▶ _DATASET EXCERPT_
# # # # # # #
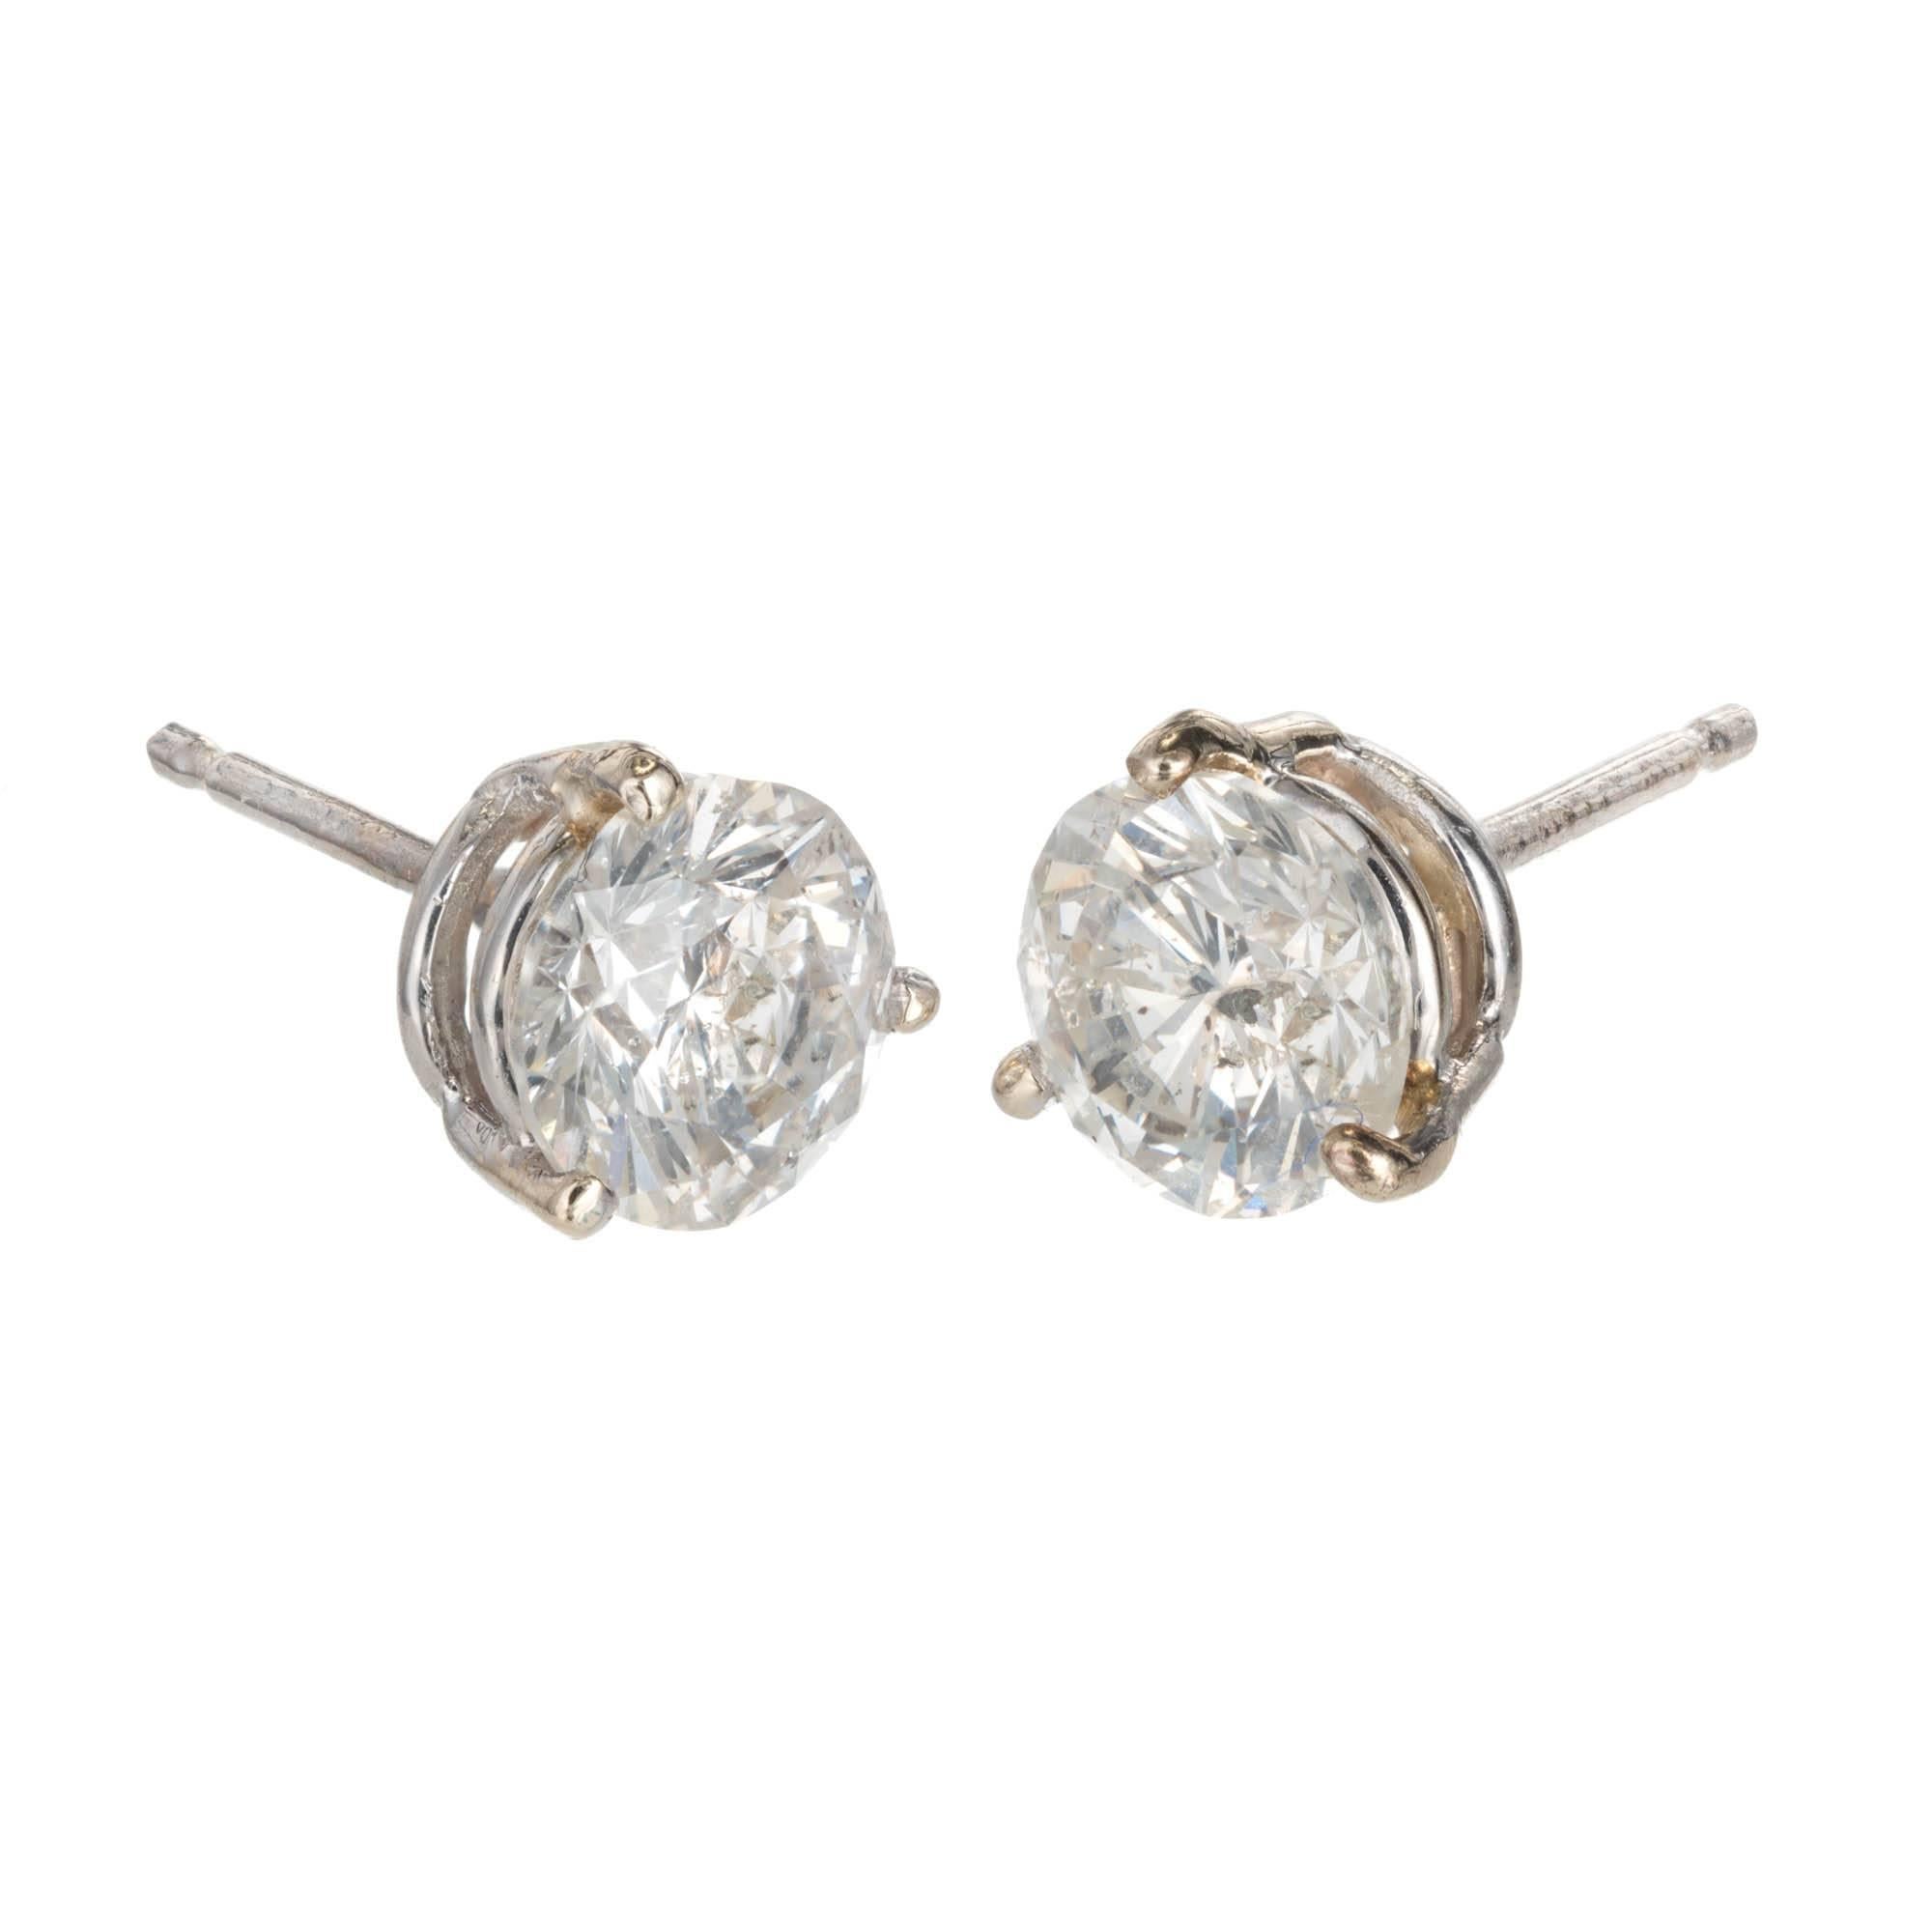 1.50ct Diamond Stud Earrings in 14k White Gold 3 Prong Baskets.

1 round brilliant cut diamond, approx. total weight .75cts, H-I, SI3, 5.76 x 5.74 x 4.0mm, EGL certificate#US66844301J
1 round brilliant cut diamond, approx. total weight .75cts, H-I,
# # # # # # #
Output a faithful copy of the data, with each picture left out.

 1.50ct Diamond Stud Earrings in 14k White Gold 3 Prong Baskets.

1 round brilliant cut diamond, approx. total weight .75cts, H-I, SI3, 5.76 x 5.74 x 4.0mm, EGL certificate#US66844301J
1 round brilliant cut diamond, approx. total weight .75cts, H-I,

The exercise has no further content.